当我使用pandas解析csv时,我一直在每行末尾追加\r

vi4fp9gy  于 5个月前  发布在  其他
关注(0)|答案(1)|浏览(53)

我想清理我的csv文件中的某个列,当我将它们传递到pandas中时,它会为每行留下一个尾随\r。
54147799,xxx_54147799,xxx_1442517,ALARM_NORMALIZED,xxx,xxx,2023-01-01 00:12:05.168,null,1,NORMAL,xxx/xxx/ATI,xxx,3,ATI System Mode,2,4,-1,-1\r
请帮助我改进我的脚本,使\r不出现。
我的csv文件实际上无法解析到Elasticsearch中,因为\r。第18列预计只接收数字,而不是alpha-numeria。

import pandas as pd
from pathlib import Path
import csv
import os
import re

def format_location(location):
    if location and isinstance(location, str) and re.match(r'^\d+$', location):  # Check if the cell contains only digits
        if len(location) == 3:
            return f"9{location}2"  # Prepend '9' and append '2' to 3-digit numbers
        elif len(location) == 5:
            return location  # Return the original 5-digit value
    return location  # Return the original value for non-numeric or incorrect length values
    
def drop_extra_column(input_directory, intermediate_directory):
    # Check all files in the input directory
    for file in input_directory.iterdir():
        if file.suffix == '.csv':
            try:
                # Read CSV file using Pandas with error handling to warn and skip problematic lines
                with open(file, 'r') as f: pd.read_csv(f)
                df = pd.read_csv(f)

                # Check if DataFrame has more than 18 columns
                if len(df.columns) > 18:
                    # Drop the 19th column (index 18)
                    df.drop(df.columns[18], axis=1, inplace=True)

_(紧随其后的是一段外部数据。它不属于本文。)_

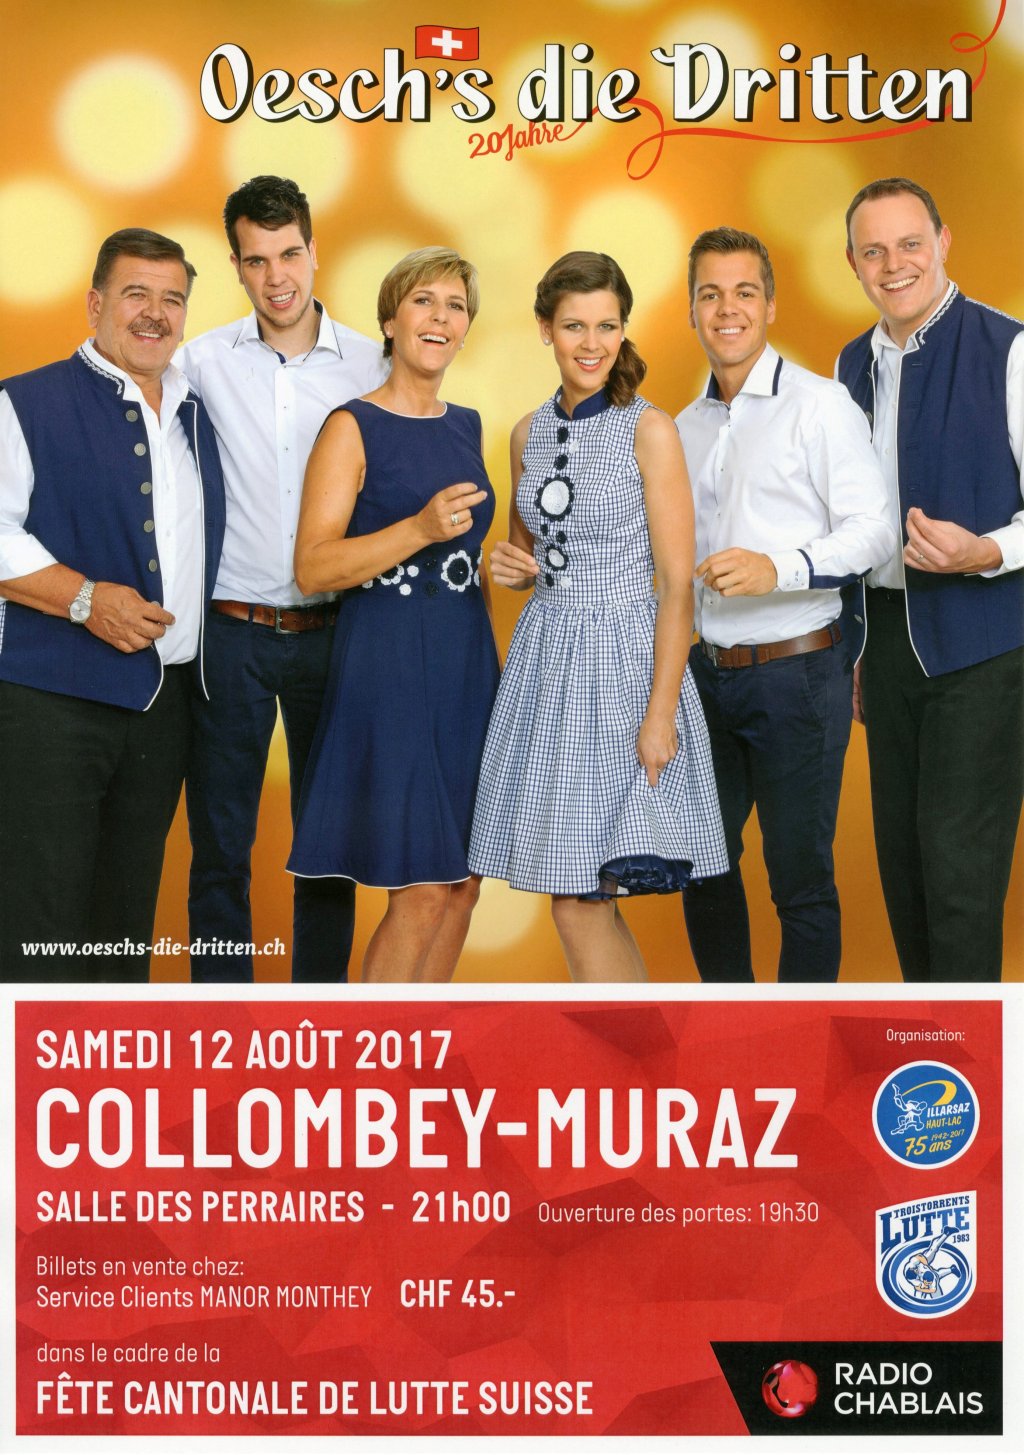 Fête de lutte suisse + Concert Oesch's die Dritten Collombey 12-13.08.17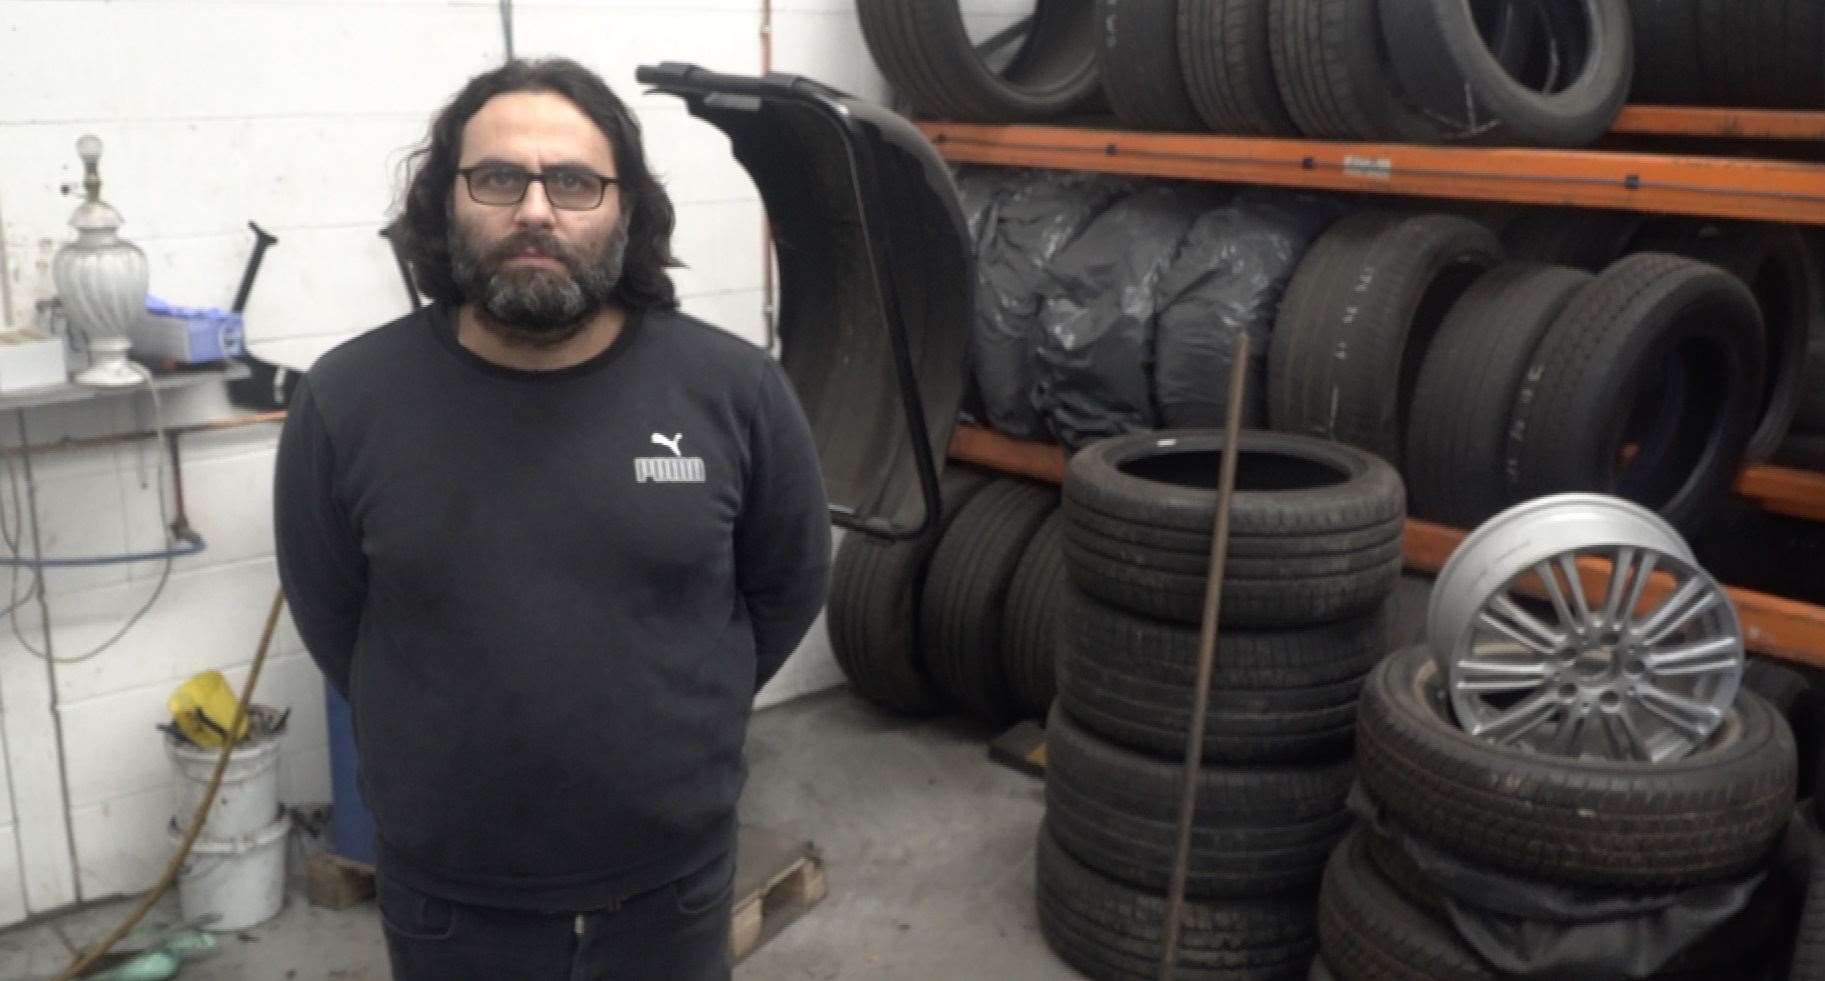 Hassan Refare has closed his Ashford Kent Tyres business

                    # Define the output file path
                    intermediate_path = intermediate_directory / f"{file.name}"

                    # Write back to the CSV file in the output directory using Pandas
                    df.to_csv(intermediate_path, index=False)
                    print(f"Processed data saved to '{intermediate_path}'")

                else:
                    print(f"No extra column found in '{file.name}'. Skipping this file.")

            except Exception as e:
                print(f"Error processing file '{file.name}': {e}. Skipping this file.")
                continue

def process_csv_files(intermediate_directory, output_directory):
    # Check all files in the input directory
   for file in intermediate_directory.iterdir():
        if file.suffix == '.csv':
            try:
                # Read CSV file using Pandas
                with open(file, 'r') as f: pd.read_csv(f)
                df = pd.read_csv(f)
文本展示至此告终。